=== Section Start ===
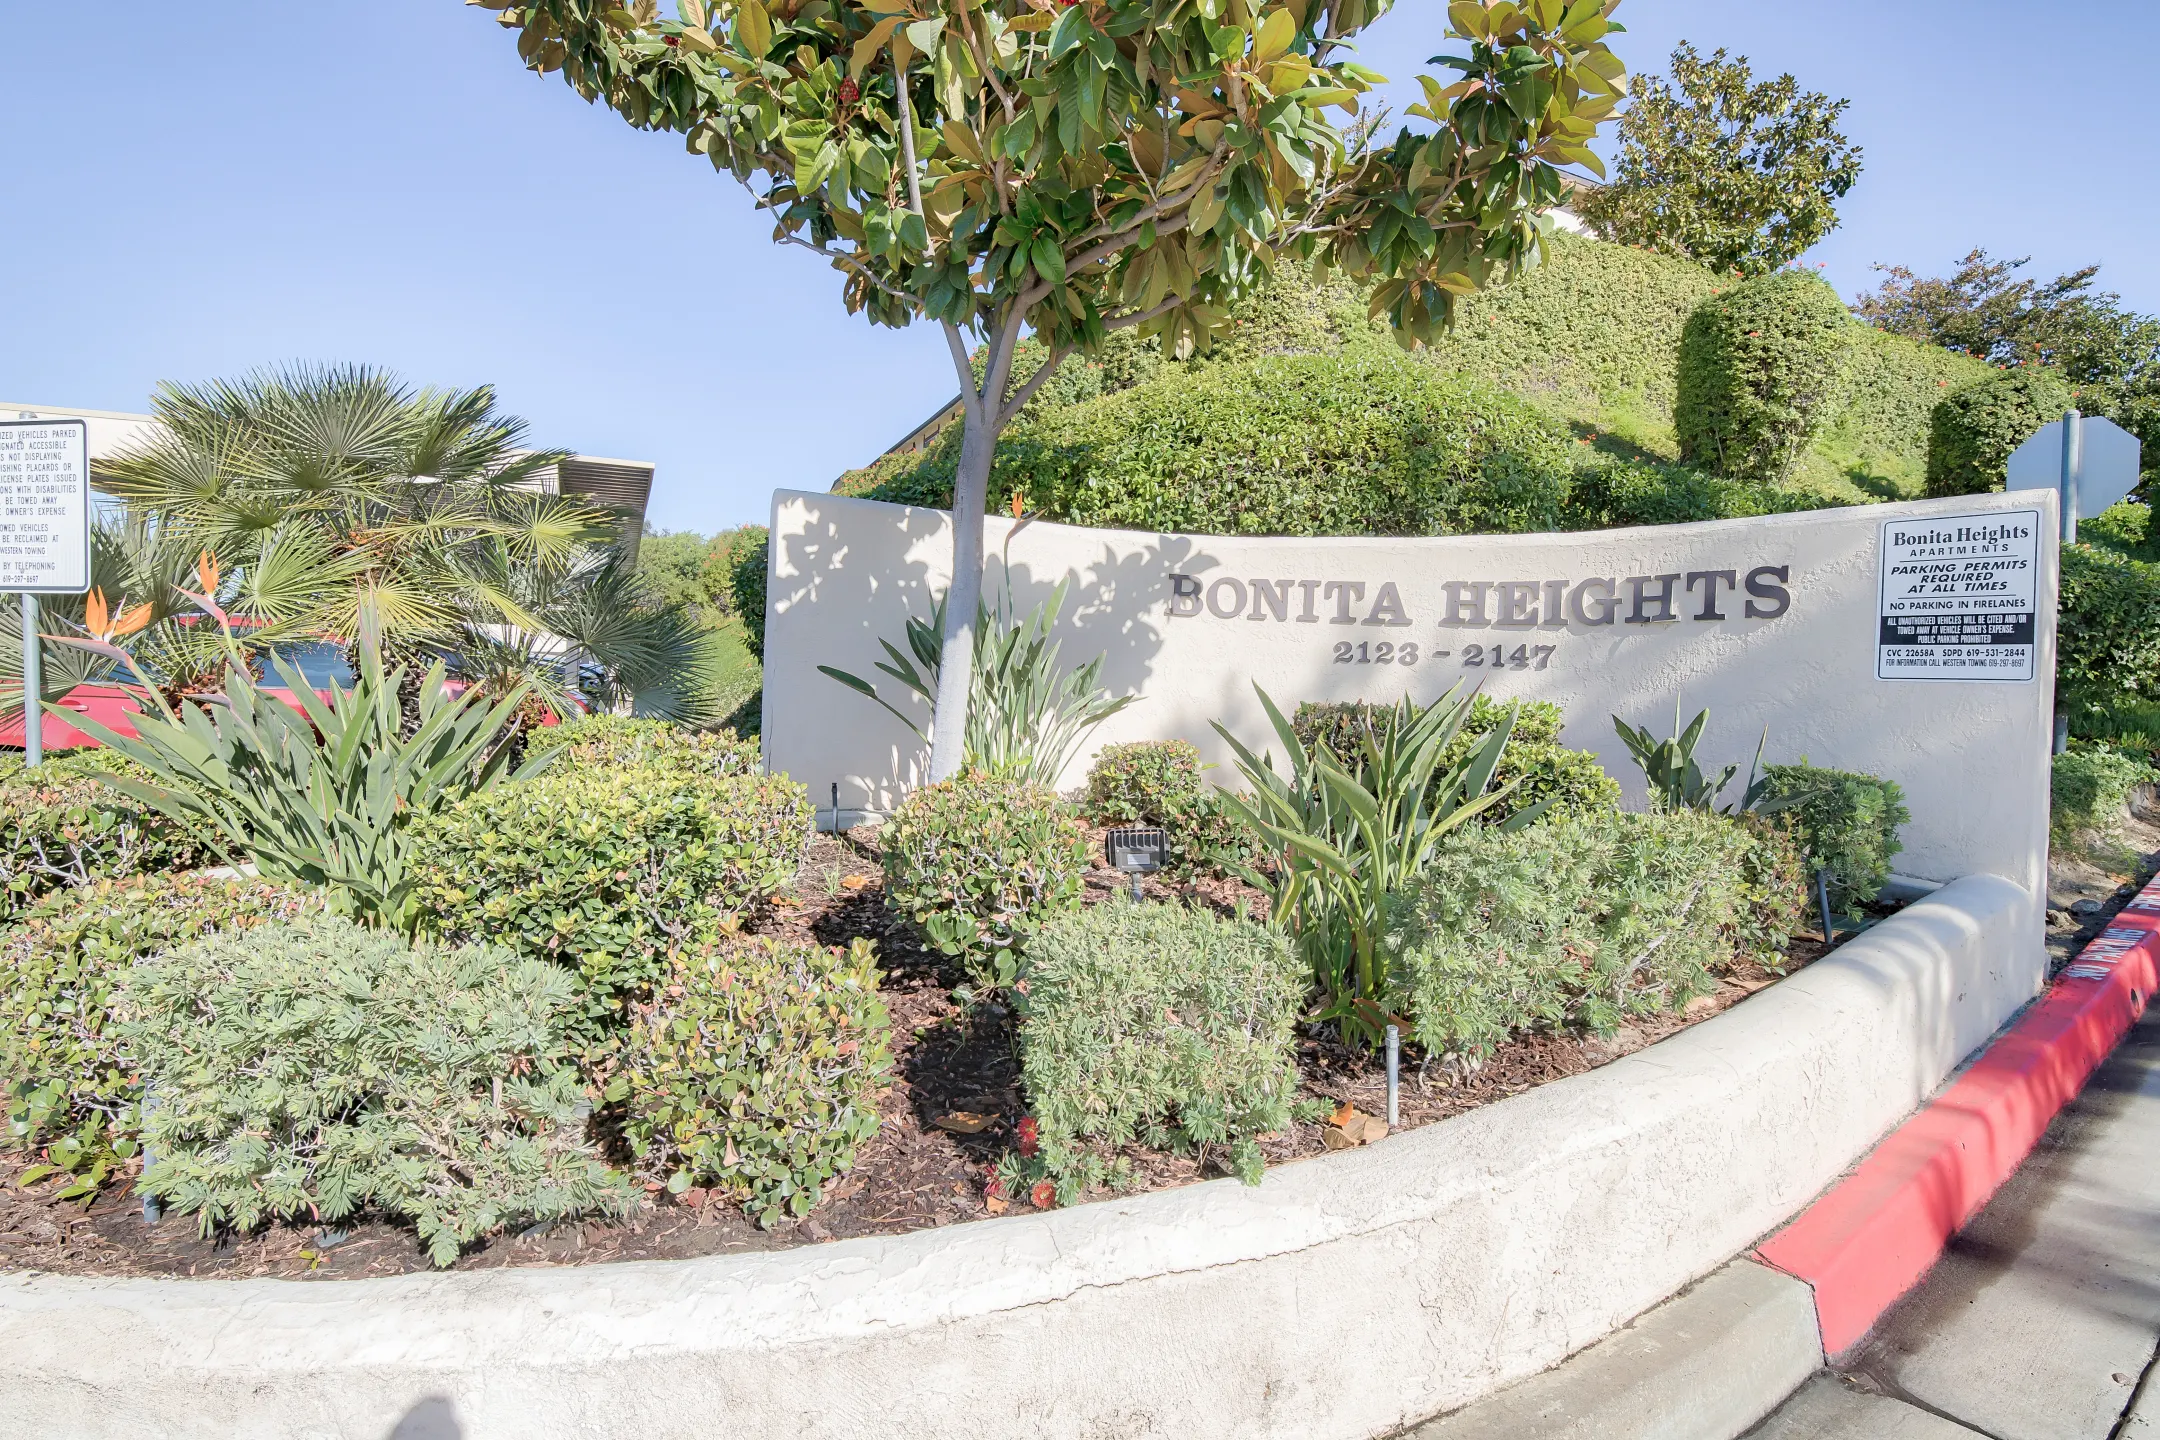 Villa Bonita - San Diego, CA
=== Section End ===
=== Section Start ===
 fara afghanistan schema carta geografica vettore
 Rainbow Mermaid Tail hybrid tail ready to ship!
=== Section End ===
▸ EXERCISE DIRECTIONS: Within the material above, copy exactly the lines from the line that holds "fara afghanistan schema" up to and including the line that holds "Rainbow Mermaid Tail".

▸ EXERCISE SOLUTION:
 fara afghanistan schema carta geografica vettore
 Rainbow Mermaid Tail hybrid tail ready to ship!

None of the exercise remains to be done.